Она присела на край постели и положила прохладную ладонь ему на лоб.
— Вот что, миленький, слушай меня внимательно. Выпить я тебе, так и быть, дам. Но только в последний раз, твердо. И в Ленинград вечером поеду вместе с тобой. Понял?
— Да, но… — забормотал Ломтев.
— И никаких «но». Я беру отгул. Неужели ты думаешь, я смогу отпустить тебя одного? Тебе что-то не нравится?
— Да нет… почему… — сказал Ломтев.
«Конвой, значит, все-таки конвой… — подумал он. — Не Светлана, так Маша, не Маша — так Светлана, какая разница…»
…Много лет назад, когда они были студентами, Маша как-то достала две путевки на однодневную базу отдыха и робко предложила одну из них Ломтеву. «Мне так хочется хоть разок куда-нибудь съездить вместе с тобой…» — говорила она. Тогда он с возмущением отверг это ее посягательство на его свободу, на его право выбирать, с кем и куда ему ехать. Потом, спустя несколько лет, она однажды показала ему эти путевки — они так и остались неиспользованными, она сохранила их как память. Ведь в конечном счете то, что не случилось, но м о г л о бы случиться, тоже оставляет, словно некий мираж, свой след в нашей жизни, тоже имеет свою ценность…

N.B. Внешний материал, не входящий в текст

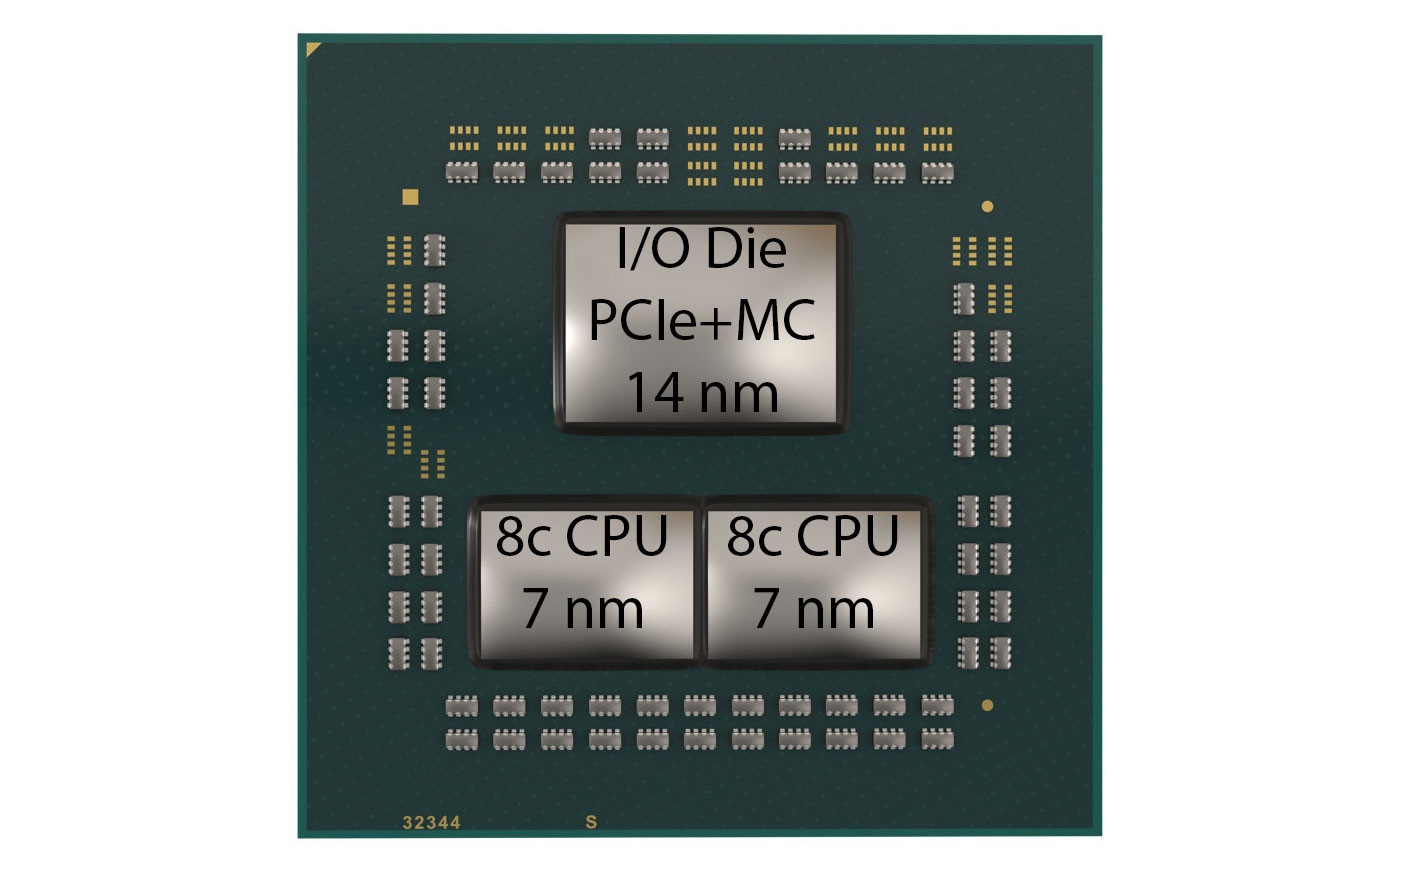  процессор AMD Ryzen, Zen 2, многочиповый модуль MCM 
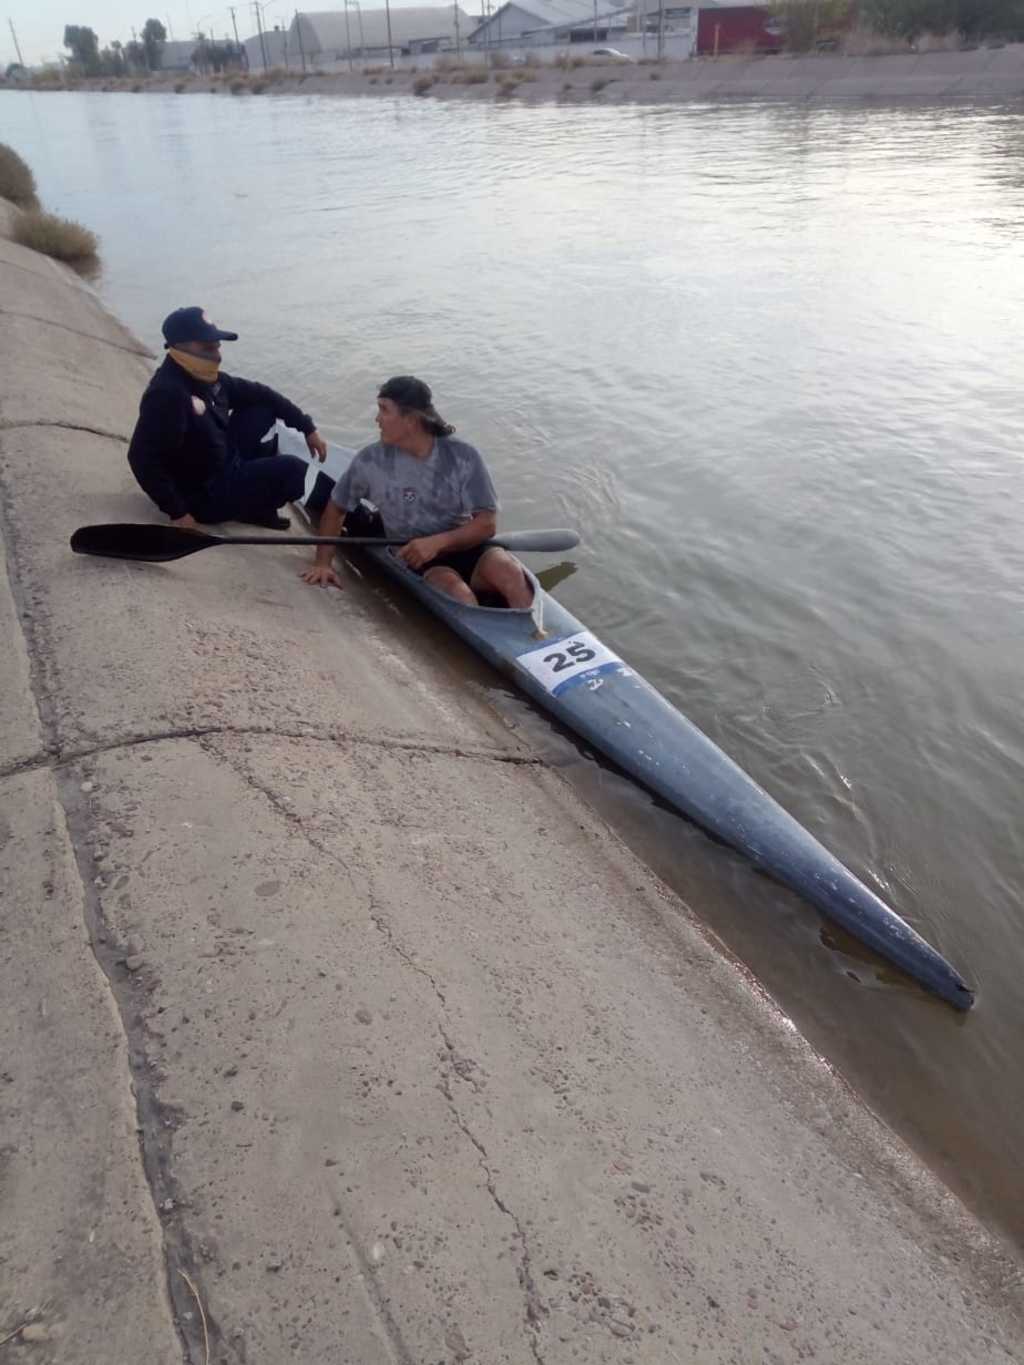 Ayer fue detectado un sujeto a bordo de un kayak en el Canal Sacramento y fue retirado por las autoridades municipales.

— Ладно, — постепенно оживая, сказал Ломтев. — Давай-ка тащи, что там у тебя есть… За наше путешествие надо выпить!
…На другое утро они сошли с поезда в Ленинграде. Был ранний час, над перроном дрожал еще не согретый солнцем осенний воздух. Вокзальная толчея, радостные лица встречающих, цветы в чьих-то руках, приветственные восклицания, объятия — какую-то делегацию, кажется болгар, встречали как раз возле их вагона — вся эта праздничная суета угнетающе действовала на Ломтева. Как будто кто-то нарочно старался напомнить ему, изгою, что существует иной мир — мир счастливых, благополучных, распоряжающихся собой по собственному усмотрению людей, никем не ведомых и не конвоируемых, свободных в своих поступках и желаниях. И ему, Ломтеву, не было места в этом мире. Он ощутил это так остро и так болезненно именно сейчас, на вокзальном перроне.
Маша хотела взять его под руку, он раздраженно отшатнулся.
Еще вчера они с Машей составили план сегодняшних действий. Вернее, составляла план Маша, а Ломтев, охваченный апатией, соглашался. По этой разработанной Машей диспозиции Ломтеву надлежало первым делом, прямо с вокзала, явиться в то учреждение, куда была адресована его командировка, то есть засвидетельствовать, хоть и с запозданием, свое существование и попытаться если не выполнить данные ему поручения, то по крайней мере п р о з о н д и р о в а т ь п о ч в у и тем самым создать видимость энергичной деятельности. Однако, диктуя этот план, Маша совершенно не учитывала, насколько несопоставимы ее собственное состояние и состояние Ломтева, насколько сильно разнятся они друг от друга. Она не могла учесть ни дрожащих с похмелья рук Ломтева, ни ускользающего его взгляда, ни ощущения собственной вины, неуверенности и страха, которое, подобно облаку, окружало Ломтева, разрасталось до гипертрофированных размеров и заставляло его сжиматься, мертветь и стушевываться перед каждым человеком, наделенным хоть какой-то властью. Вот уж поистине — сытый голодного не разумеет. Уже выйдя из вагона, нетвердо ступая по перронному асфальту, Ломтев знал, что разве что под дулом автомата, под страхом смертной казни могут заставить его сейчас переступить порог казенного учреждения. И потому иной план созревал в его мозгу.